Stop overlooking bards – life wouldn’t be the same without them

I was 38 years old when I realised I was a bard. I shouldn’t really have been surprised – I was Danny Zuko in my high school production of Grease after all, and then I was Frank n’ Furter in stockings and suspenders. But the realisation vexed me, because until that point I’d never had much time for bards. They were, as far as I was concerned – and I can barely bring myself to write it now – padding. Oh the hollowness! Oh the shame! How could I ever have been so empty? Yet, perhaps the fault was not entirely my own.

You see, I grew up on bards as interpreted by computer games, and to me, there, they were a forgettable class. They were there only to serve others. In Dark Age of Camelot, which I spent a long time playing, the bard-likes were the speed buff your group needed to get around quickly – that was their purpose. They could do a few other things but none as well as the other classes could. And in World of Warcraft, another game I put a lot of time into, bards weren’t a playable class at all.

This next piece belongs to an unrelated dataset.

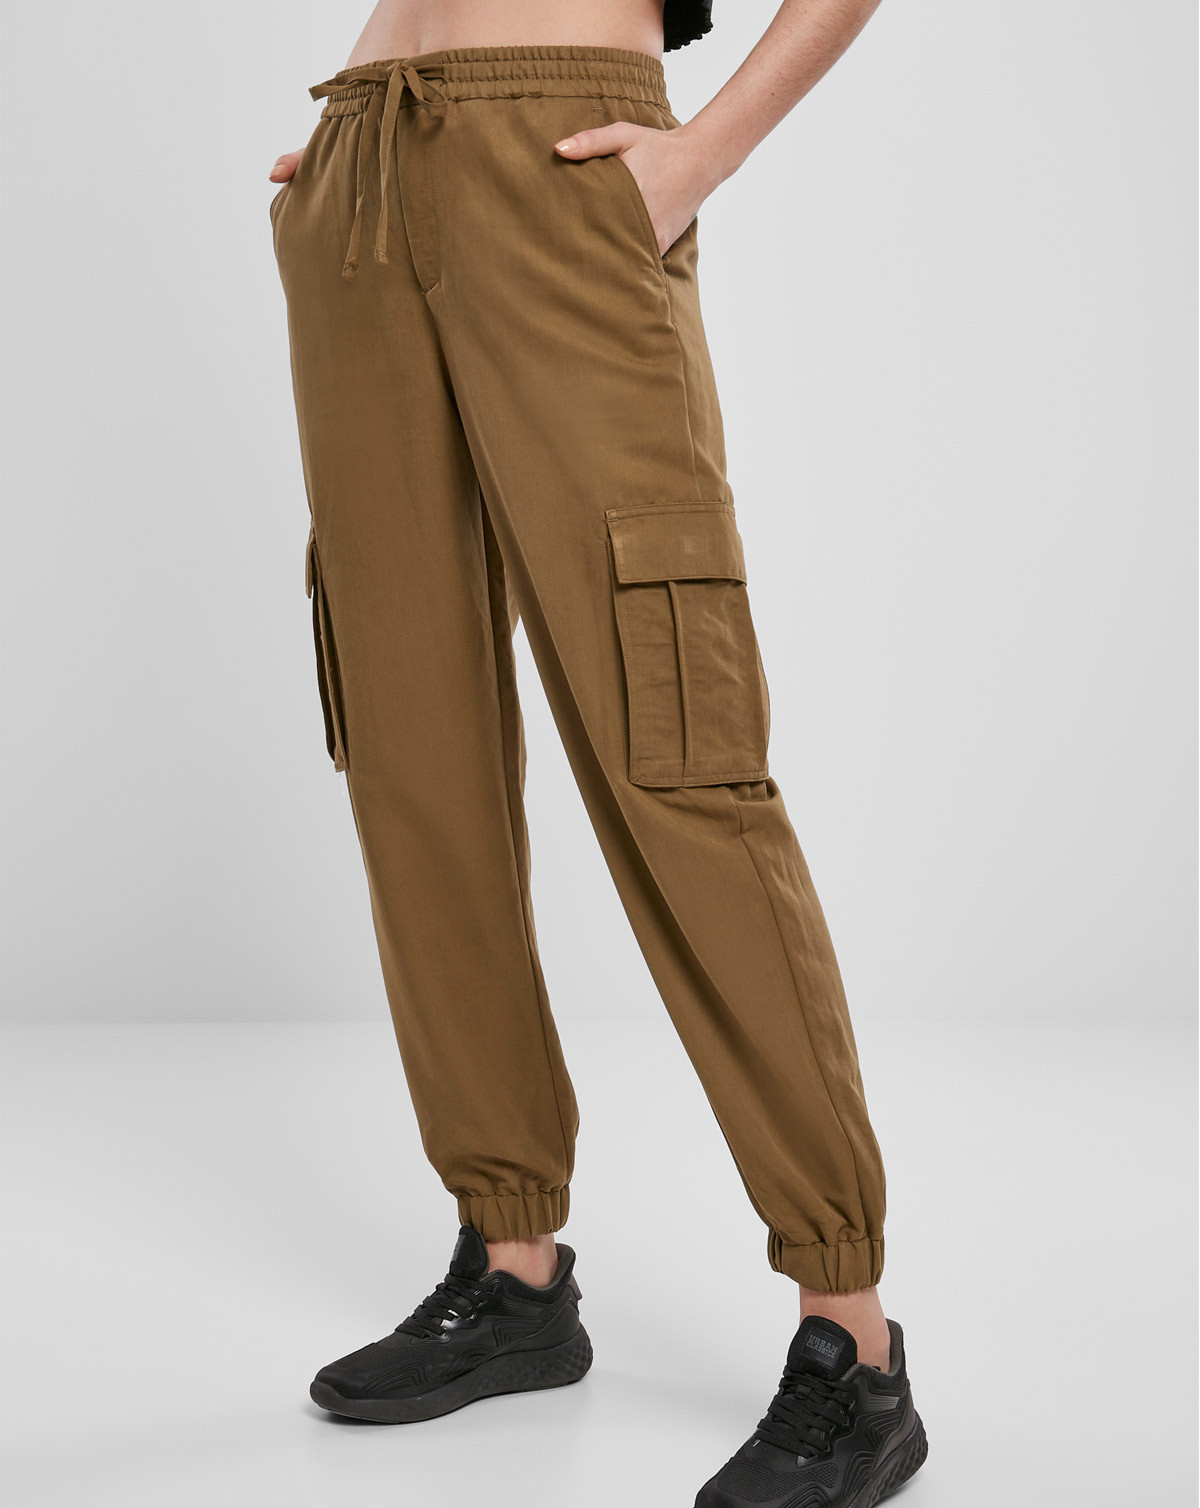 Urban Classics Ladies Viscose Twill Cargo Pants (Summer Olive, S)

Look across RPGs and it’s a similar story. There’s no bard class in the Divinity: Original Sin series, and in Dragon Age, the whole series, the bard only crops up as playable in Origins as a rogue subclass. Those series couldn’t be more heavily inspired by Dungeons & Dragons and yet, the poor old bard doesn’t get a look-in. And it leaves you wondering why. Or, it reinforces a belief somewhere in your head that bards aren’t good enough to make the cut.